Priovant wins FDA Priority Review for brepocitinib in dermatomyositis

The U.S. Food and Drug Administration has accepted Priovant Therapeutics' New Drug Application for brepocitinib in dermatomyositis and granted Priority Review, assigning a Prescription Drug User Fee Act target action date in the third quarter of 2026, the company said. Priovant, a subsidiary of Roivant Sciences, said it expects to launch the drug in the United States at the end of September 2026 if the agency approves the application and final labeling is agreed.

Priovant said the regulatory filing was supported by results from the Phase 3 VALOR study, which enrolled 241 patients.

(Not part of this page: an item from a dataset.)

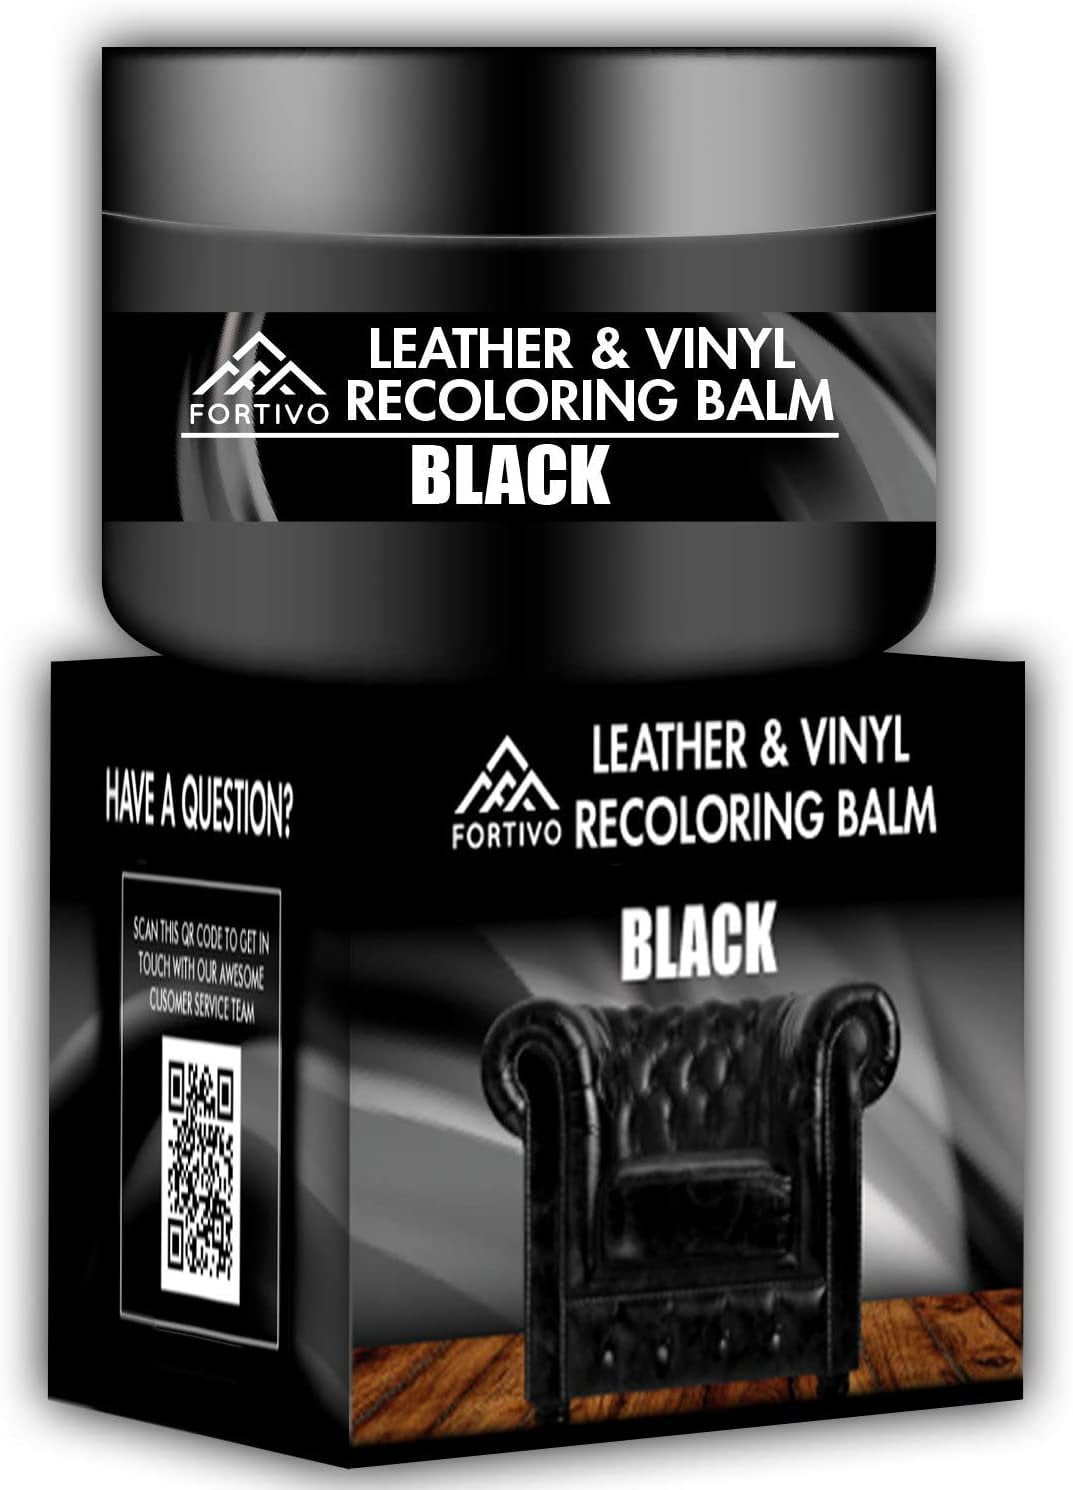 Leather Recoloring Balm - Mink Oil, Leather Repair Kit for Furniture, Black  Leather Dye for Furniture, Leather Repair Kit, Mink Oil Leather Balm,  Leather Repair Kit for Couches, Mink Oil for Leather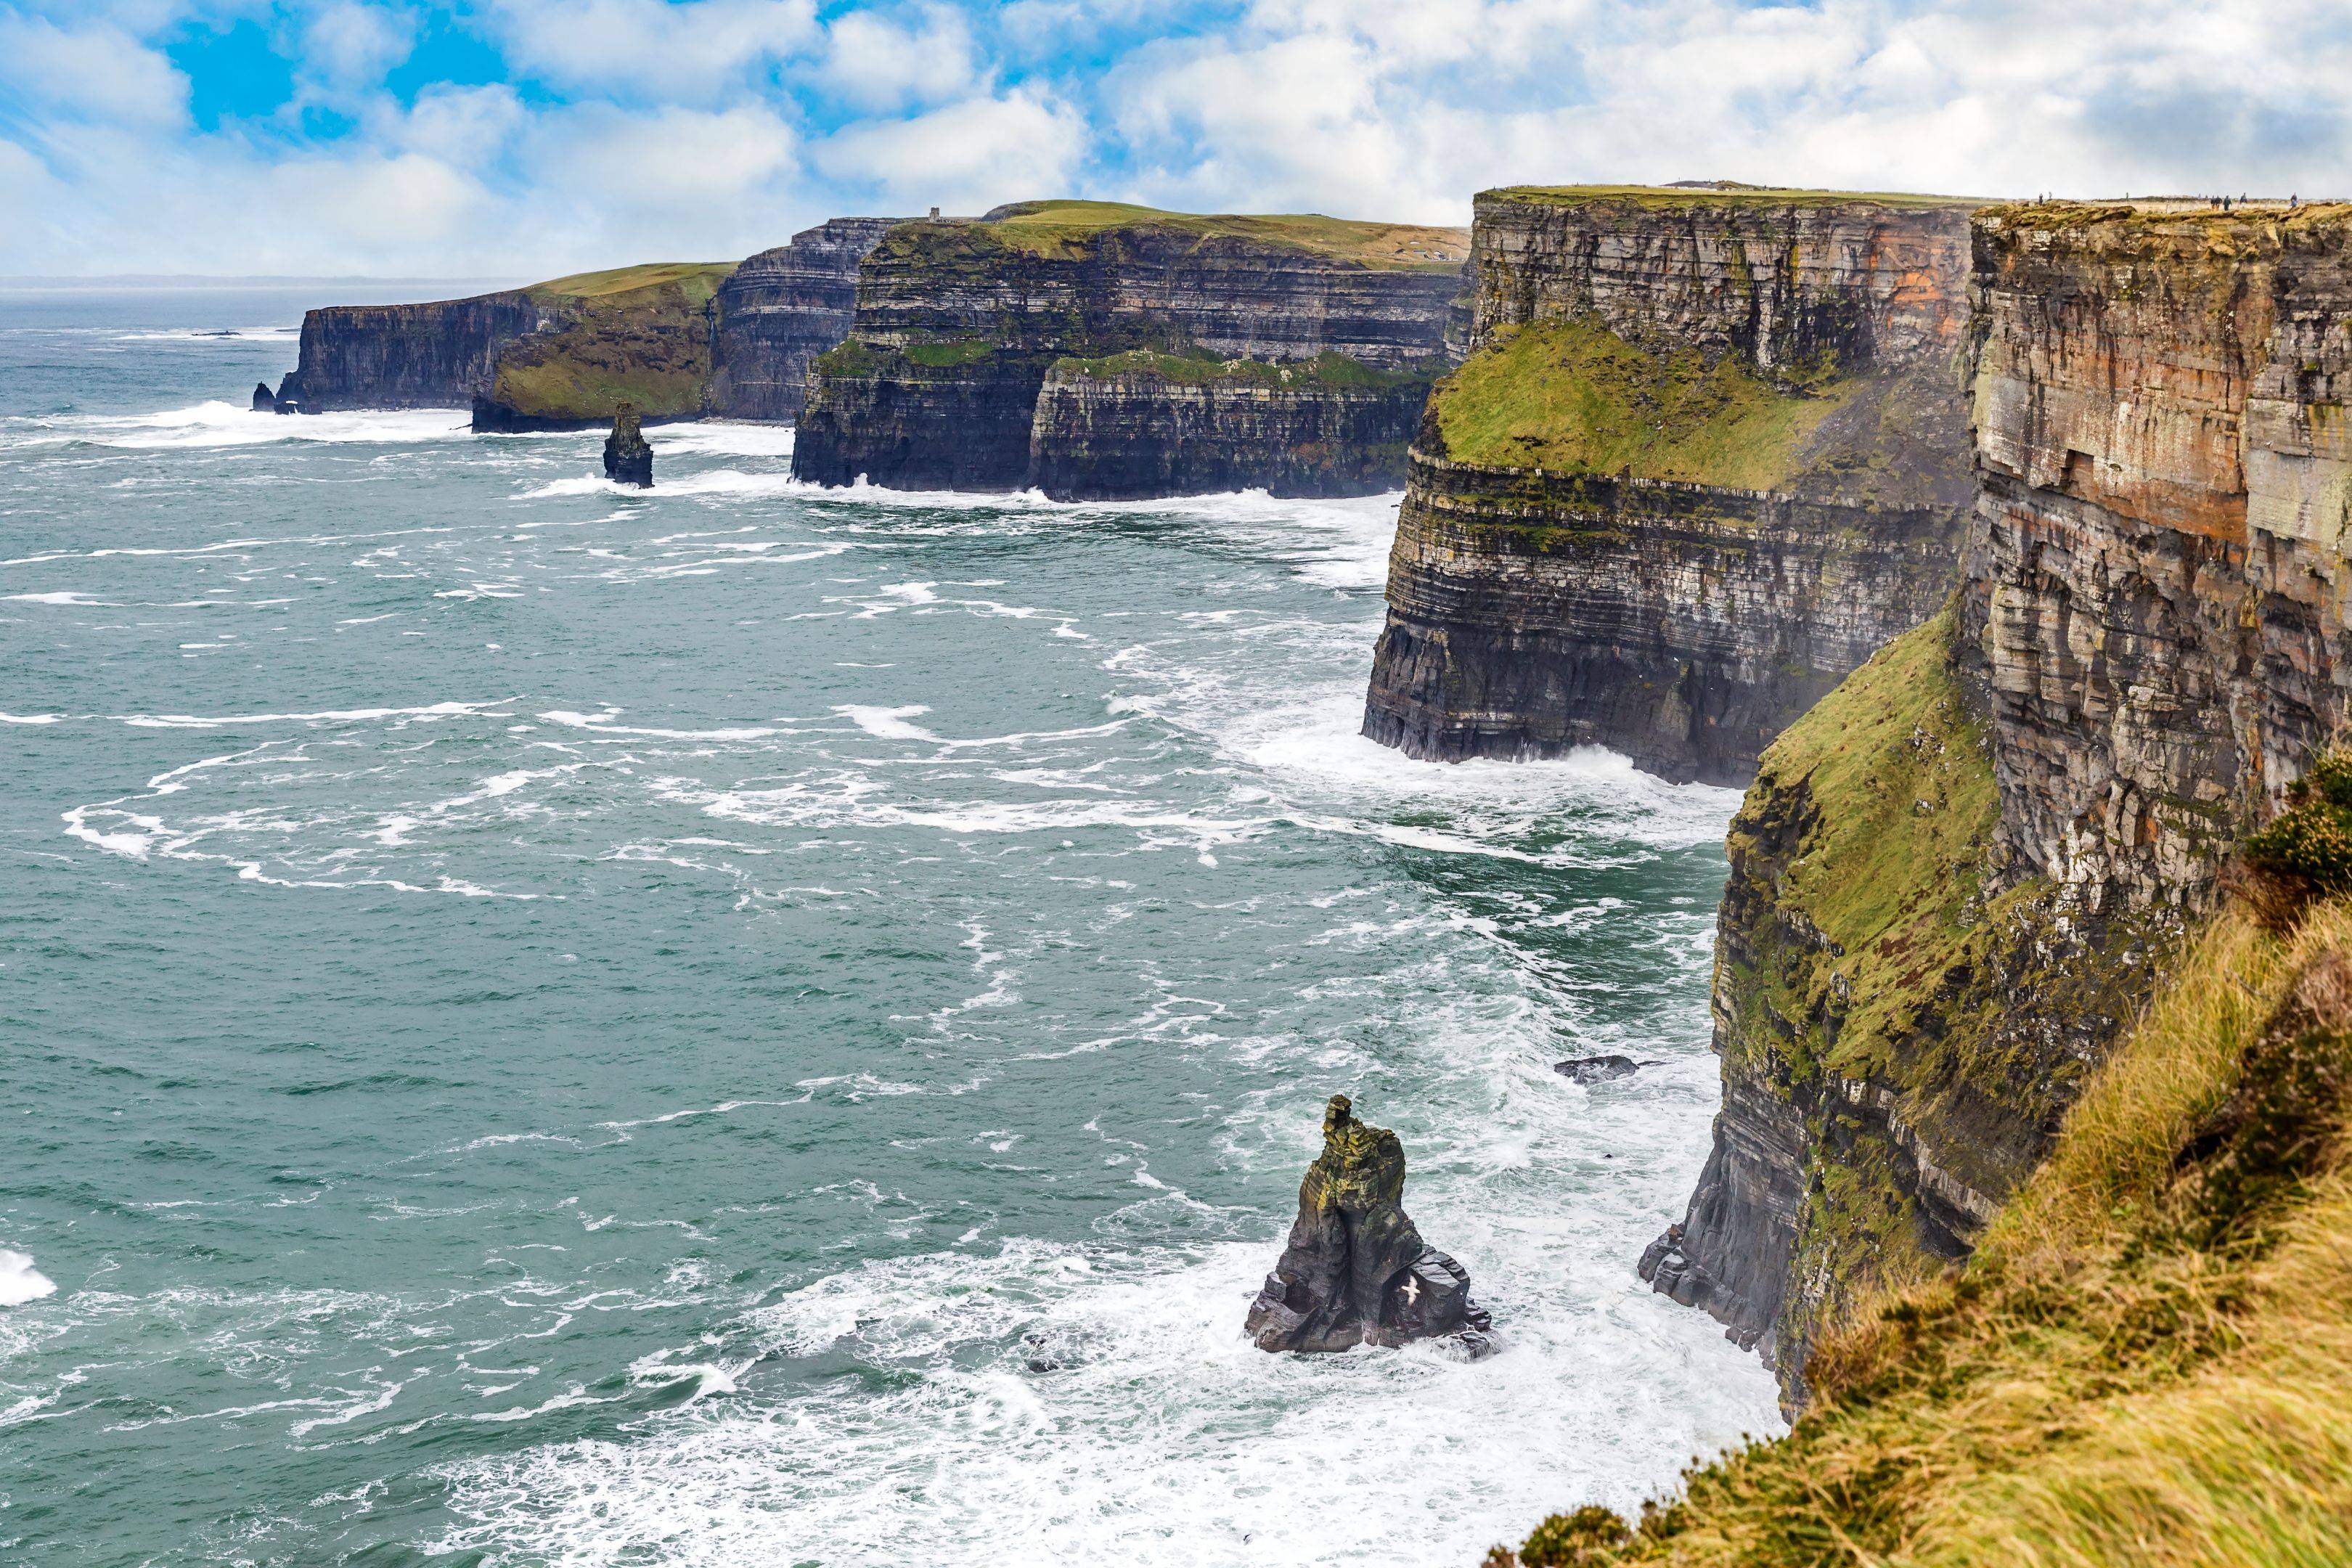 Cliffs of Moher – Cliffs of Moher Cruise - Bunratty Freilicht Museum - Dromoland 

The company reported that brepocitinib 30 mg met the trial's primary endpoint and nine key secondary endpoints, demonstrating what it described as early and sustained benefit through Week 52. Priovant characterized VALOR as the largest and longest interventional trial in dermatomyositis to date and the first positive 52-week placebo-controlled study in the disease.

Brepocitinib is described in Priovant materials as a dual selective inhibitor of TYK2 and JAK1 that, through dual TYK2/JAK1 inhibition, "distinctively suppresses key cytokines linked to autoimmunity—including type I IFN, type II IFN, IL-6, IL-12, and IL-23—with a single, targeted, once-daily oral therapy." The company also noted ongoing development of brepocitinib in a Phase 3 program for non-infectious uveitis and positive Phase 2 data in cutaneous sarcoidosis.

The announcement underscores a potential therapeutic shift for dermatomyositis, a rare autoimmune disease in which patients suffer muscle weakness, debilitating skin disease, and frequent reliance on chronic high-dose corticosteroids. Priovant and its filings emphasized the heavy disease burden, noting that chronic steroid dependency and uncontrolled inflammation contribute to accumulated organ damage and high rates of comorbidities among patients on current standard care.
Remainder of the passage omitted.